Given data Block Start

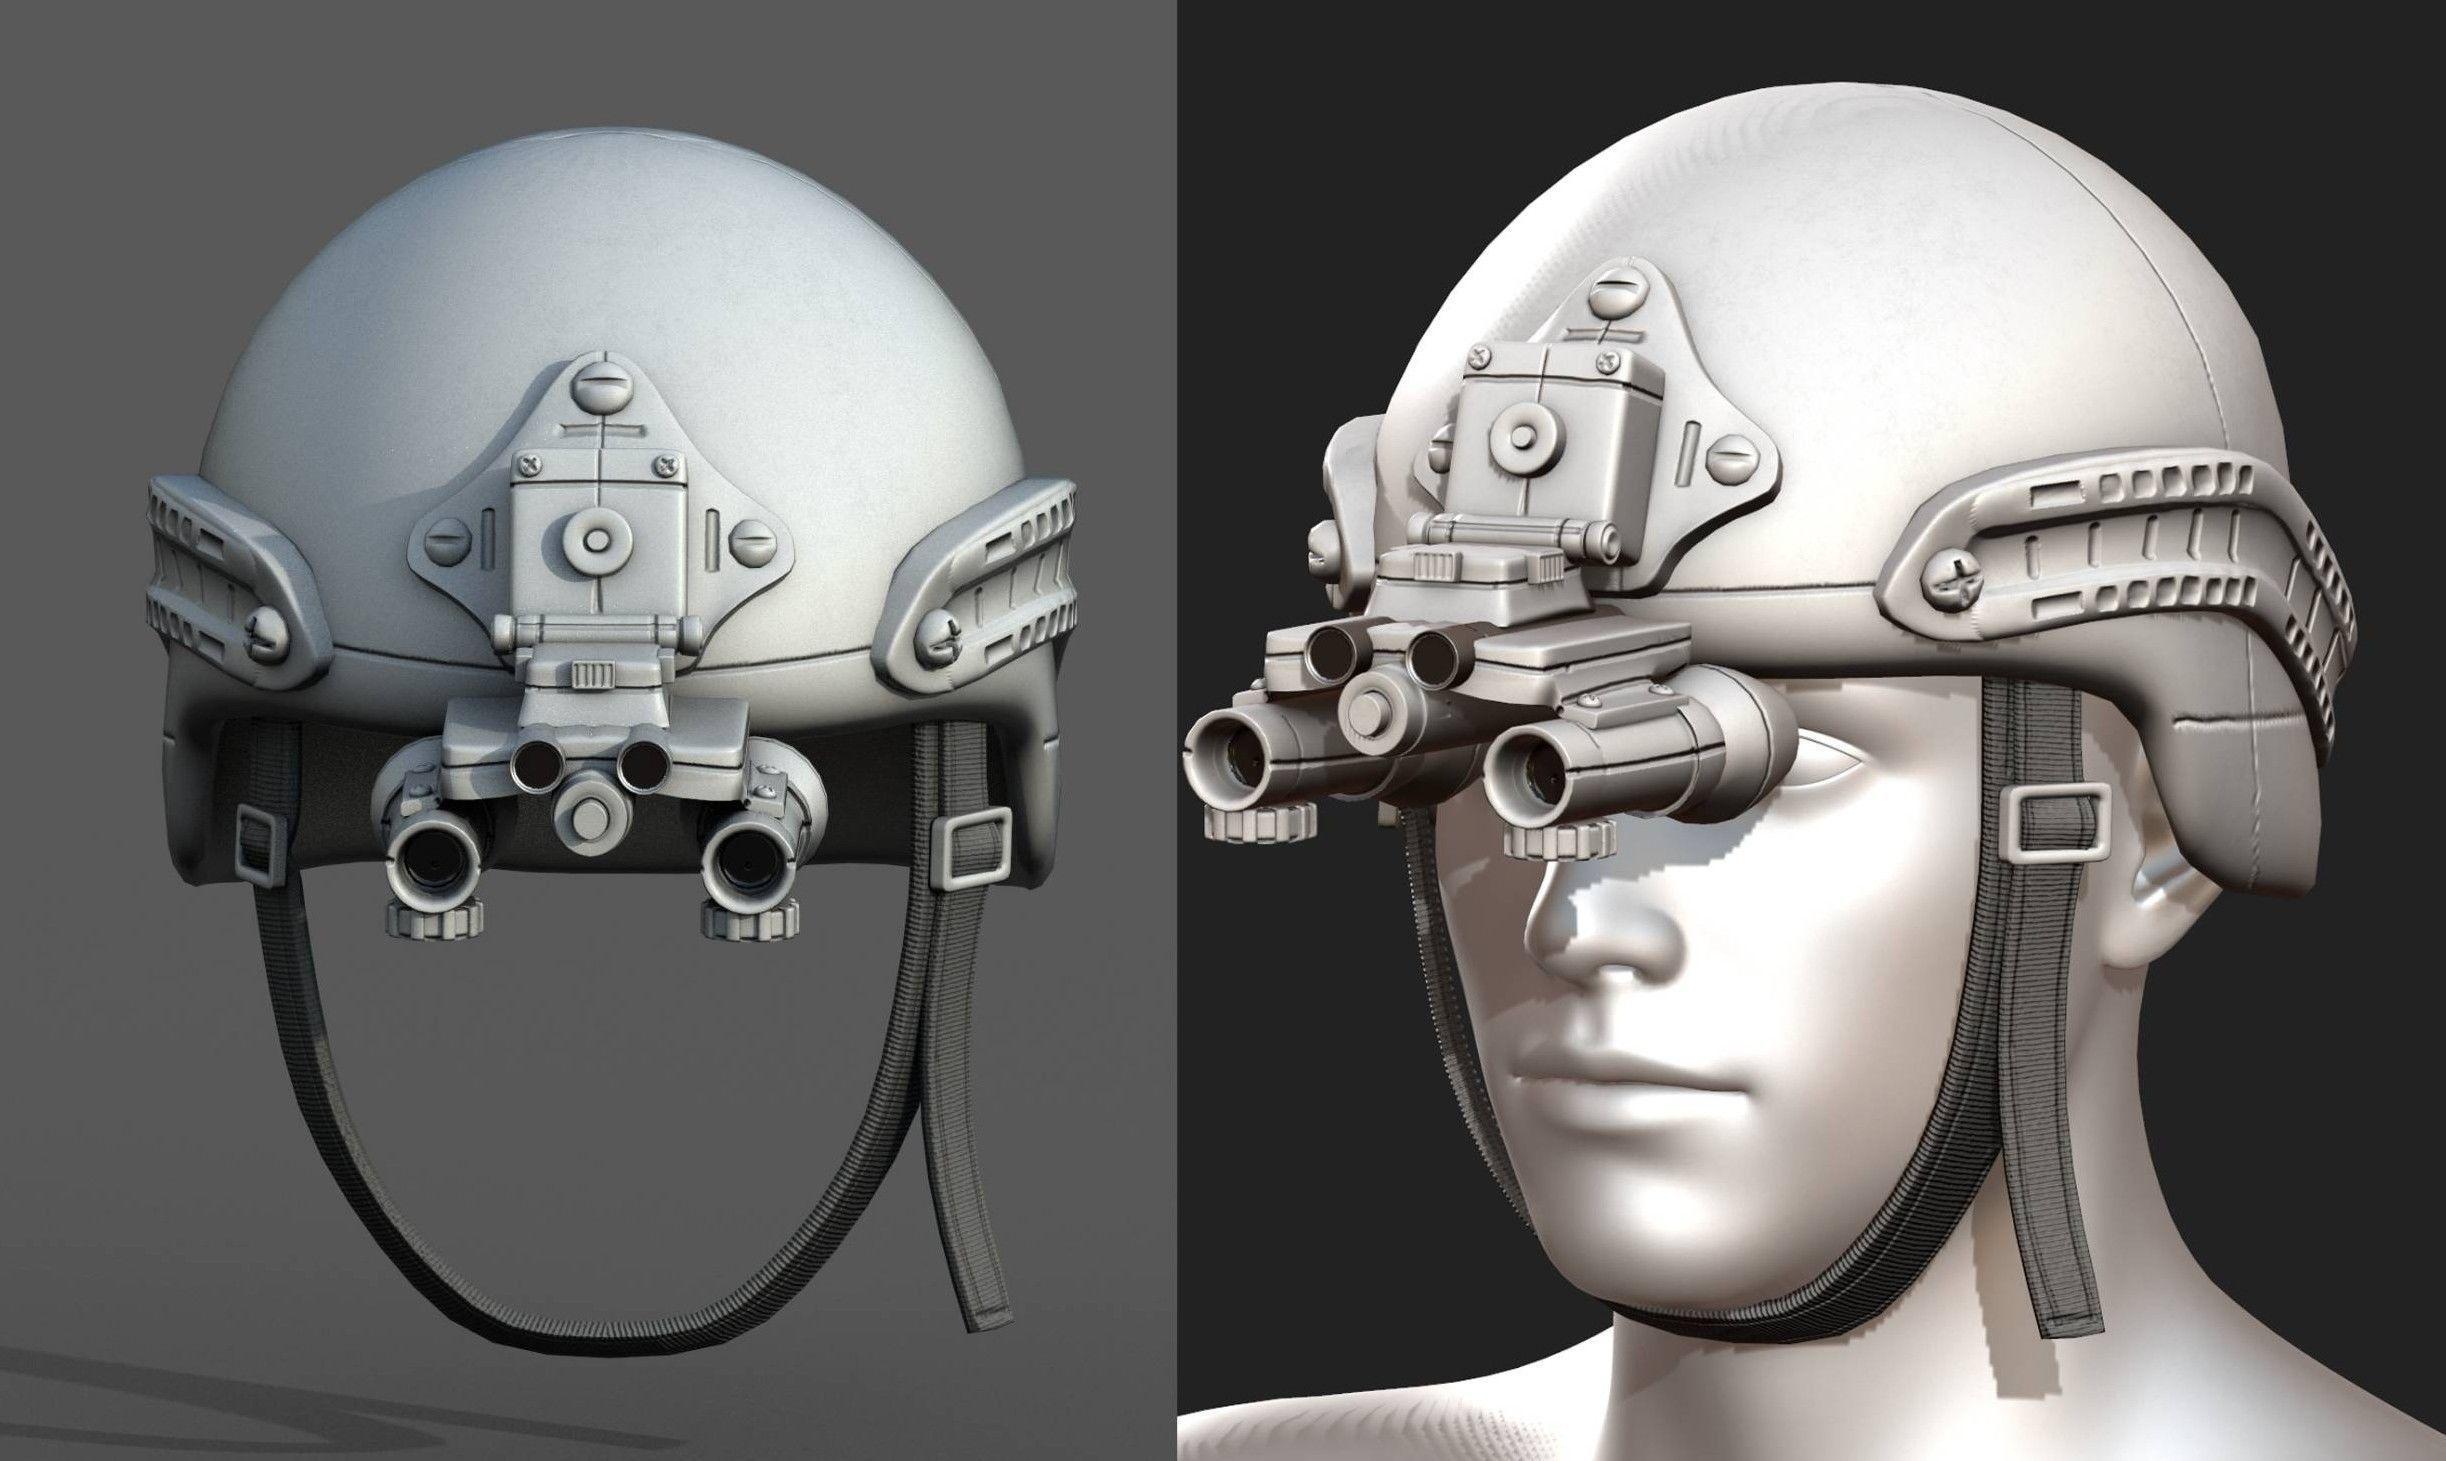 Helmet scifi fantasy futuristic technology fantasy
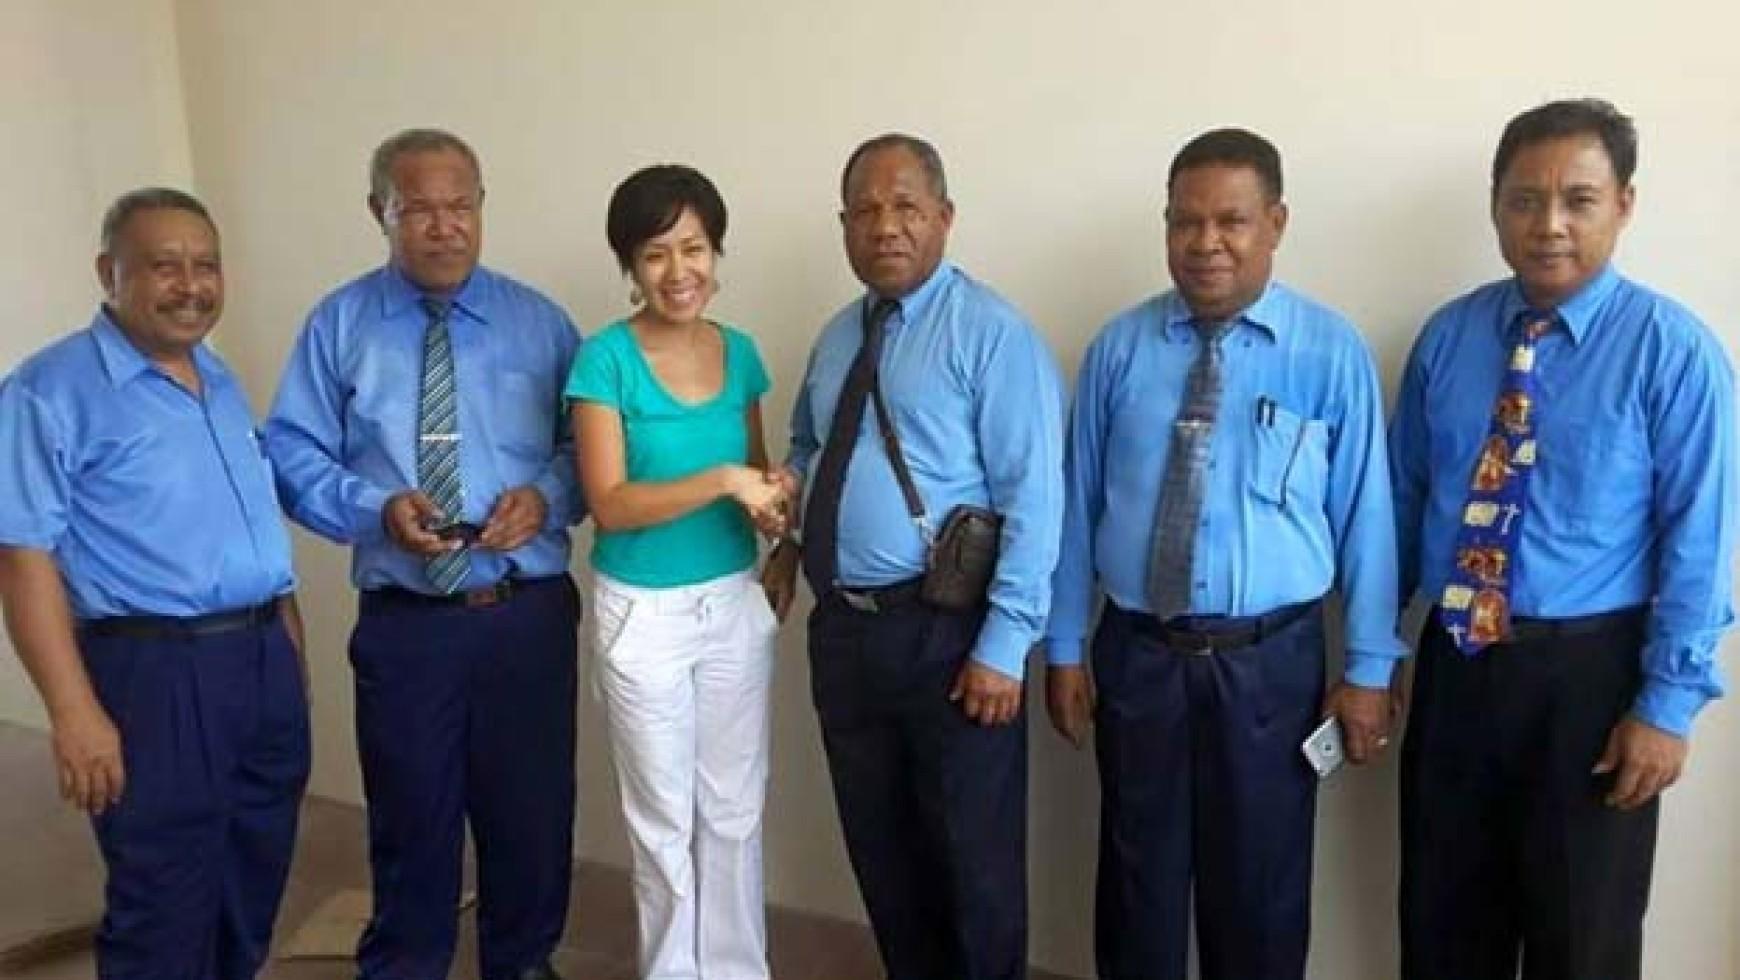 UEM WORKERS AND VOLUNTEERS STRENGTHENING PARTNERSHIP THROUGH EMPLOYMENT AND VOLUNTEER PROGRAMS
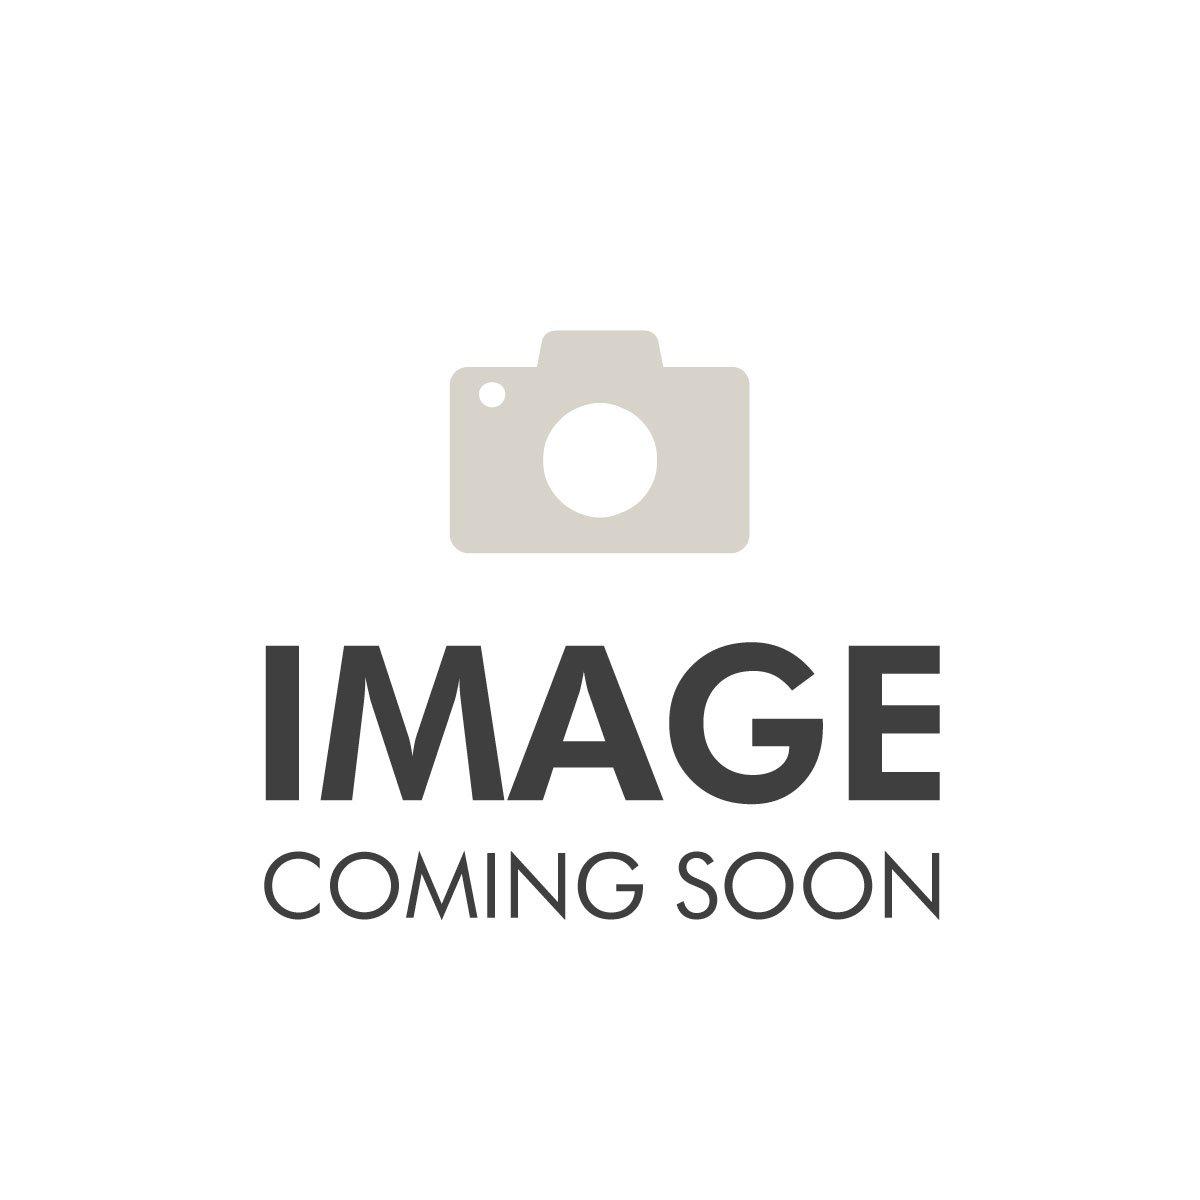 Clarins Super Restorative Night Cream 50ml (for Dry Skin)
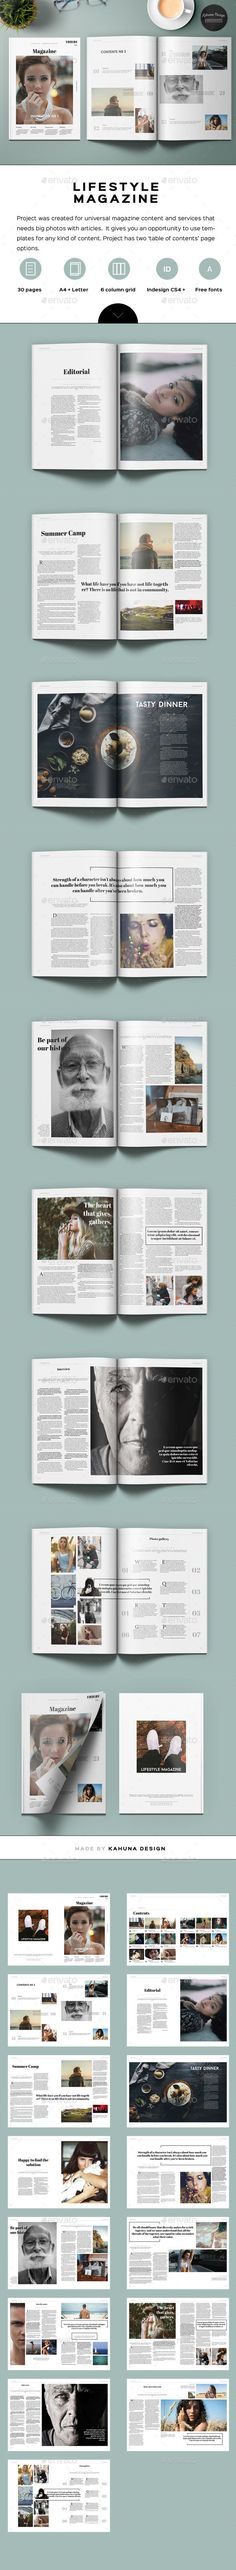 InDesign Magazine Template | Memorable magazines | Pinterest ...
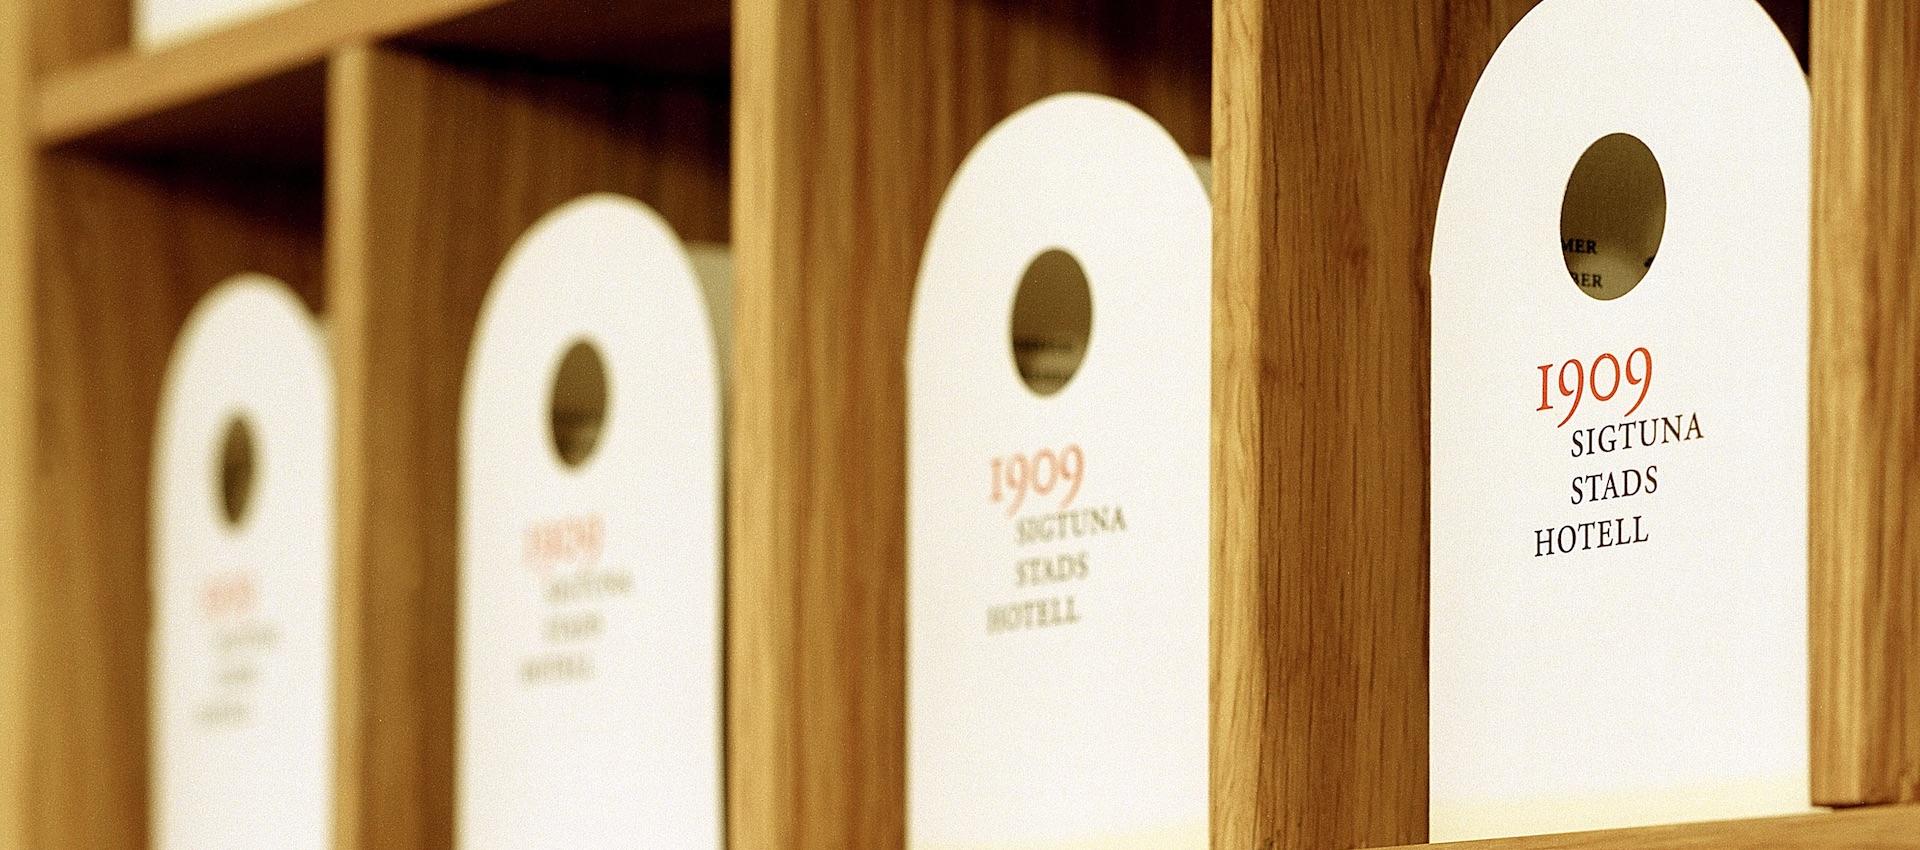 6751 AJ8 11-2001 Sigtuna Stadshotell

Given data Block End

▶ _Exercise goal_
Verbatim output, no pictures: the line holding "Clarins Super Restorative" and all lines after it through the last line of the material, with nothing else.

▶ _Result of this task_
 Clarins Super Restorative Night Cream 50ml (for Dry Skin)
 InDesign Magazine Template | Memorable magazines | Pinterest ...
 6751 AJ8 11-2001 Sigtuna Stadshotell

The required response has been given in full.